= Ronald Bell (musician) =

American musician (1951–2020)

Ronald Nathan Bell (November 1, 1951–September 9, 2020) also known as Khalis Bayyan, was an American composer, singer, songwriter, arranger, producer, saxophonist and co-founding member of Kool & the Gang. The band recorded nine No. 1 R&B singles in the 1970s and 1980s, including its No. 1 pop single "Celebration". The group is honored on the Hollywood Walk of Fame and was inducted into the Songwriters Hall of Fame and Rock and Roll Hall of Fame.

==Early life==
Bell was born in Youngstown, Ohio, to Aminah Bayyan (1932–2014) and Robert "Bobby" Bell (1929–1985). His father was a professional boxer and Golden Gloves amateur boxing winner. Training in Elwood, New York, Bobby Bell had hung out with jazz players and became friends with Miles Davis and Thelonious Monk, who lived in the same apartment building as he did.
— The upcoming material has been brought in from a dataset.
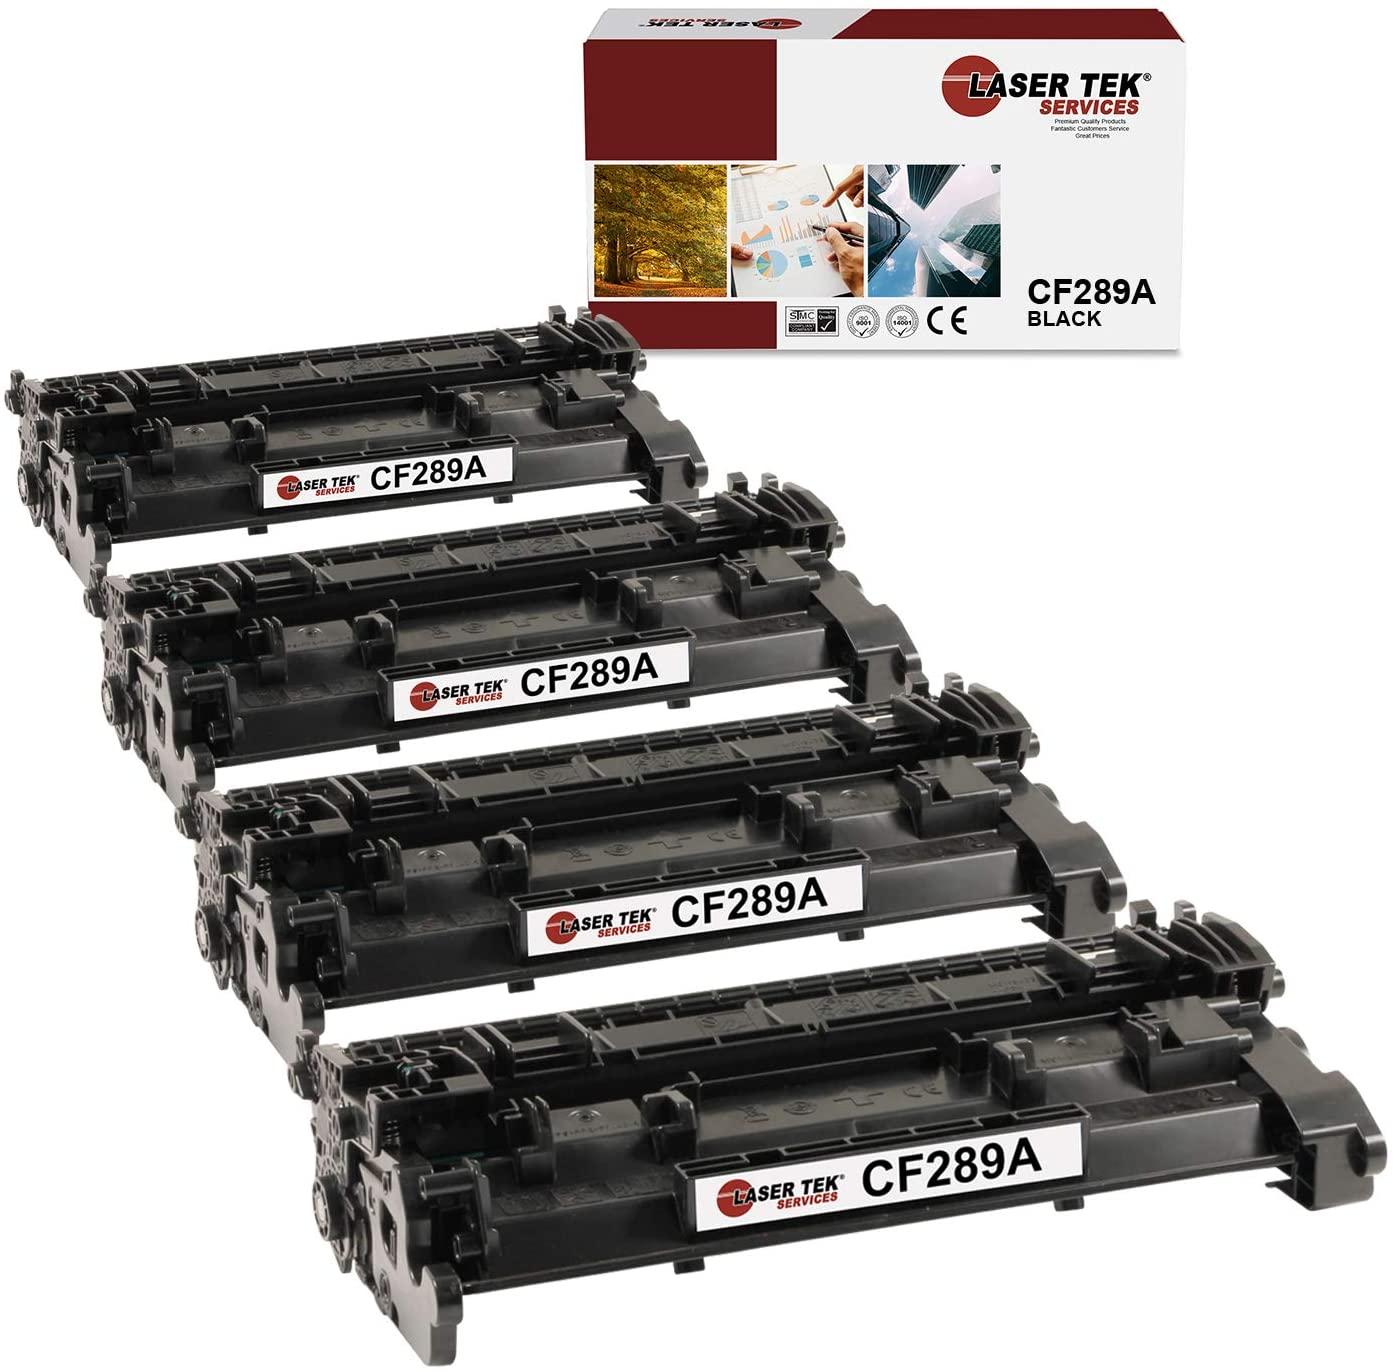 Laser Tek Services Compatible HP 89A CF289A Toner Cartridge Replacement for HP Laserjet Enterprise M507, MFP M528 Printers (Black, 4 Pack) - 5,000 Pages

Ronald Bell and his brother, Robert "Kool" Bell, were introduced to jazz at around five or six. The family moved to Jersey City, New Jersey, in 1960. In 1964, the brothers joined neighborhood friends Spike Mickens, Dennis Thomas, Ricky Westfield, George Brown, and Charles Smith to create a distinctive musical blend of jazz, soul, and funk. At first calling themselves "The Jazziacs", the band went through various name changes—the New Dimensions, the Soul Town Band, and Kool & the Flames—before settling on Kool & the Gang in 1968.

==Career==
Ronald Bell composed, arranged, produced and performed some of the most popular music in Kool and the Gang's body of work. He was a self-taught musician, and his distinctive sound is on the group's horn lines, bass, synthesizer and vocals. He wrote and produced many of the Kool & the Gang's songs, including "Celebration", "Cherish", "Jungle Boogie", "Summer Madness", and "Open Sesame". He said his favorite song was "Celebration", which he wrote after reading a passage in the Quran.

==Personal life and death==
Bell converted to Islam in 1972, initially joining the Nation of Islam. He was given the name Khalis Bayyan by Imam Warith Deen Mohammed. He was married to Tia Sinclair Bell and had 10 children. His son, Rachid, released his debut album in 1998, and achieved a top 40 hit on the Dance Club Songs chart with his debut single, "Pride".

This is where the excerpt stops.